The innovation at the distillery is fascinating. They have an experimental warehouse, called warehouse X, where they can control every variable – from temperature, to light, to airflow – to see which affect the maturing spirit and how. I’m intrigued to find out more about their current experiment with light: will sunlight on the outside of a cast affect what happens inside it? Considering that most warehouses are dark, this is a very interesting question. It was raised when a tornado ripped the roof and part of a wall of a warehouse and a number of barrels were exposed to the elements while the warehouse was re-built around them. Those barrels tasted distinctly different from the other barrels in the warehouse.
There’s often an element of mystery to the process of whisky making. I like that Buffalo Trace are trying to minimise the mystery and maximise the science. That’s how you get consistency and learn how to develop new, interesting expressions with some accuracy.

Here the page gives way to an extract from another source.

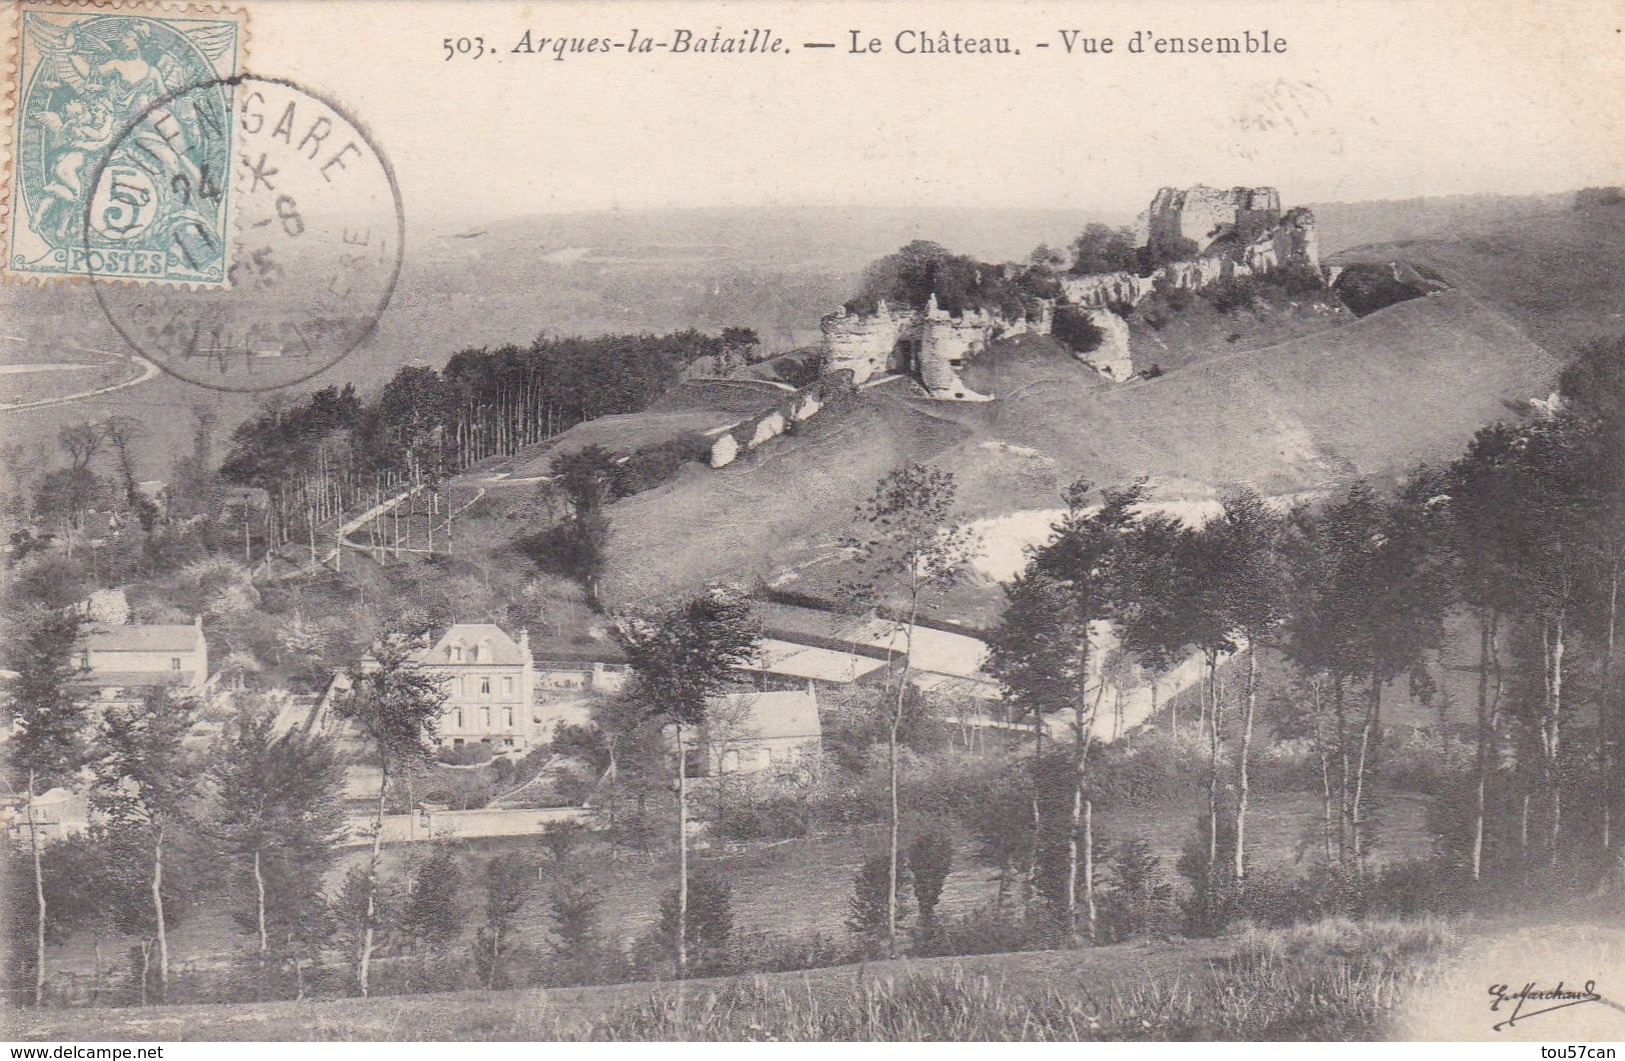 ARQUES LA BATAILLE - SEINE-MARITIME - (76)  - CPA DE 1905. - Arques-la-Bataille

The proof is in the tasting
We were an exited bunch collected in the snug at the back of 99 Hanover Street Bar on a Saturday afternoon. It was too dark inside for good photos, but light enough that I could find my glass. And that’s all that matters.
The first drink we tried was White Dog, basically the distilled, un-aged liquor. I’ve tasted a couple such liquors before, from Scotch distilleries, and I didn’t much look forward to it. They are too strong, too chemical in composition for me. Rough. White Dog wasn’t too bad and I imagine it could be used in cocktails, but it’s not something I’ll be looking for. The main reason we had this is that it is the root of two of the other spirits we tried and it was interesting to try to trace the matured liquor from the raw spirit. The first of the matured spirits was…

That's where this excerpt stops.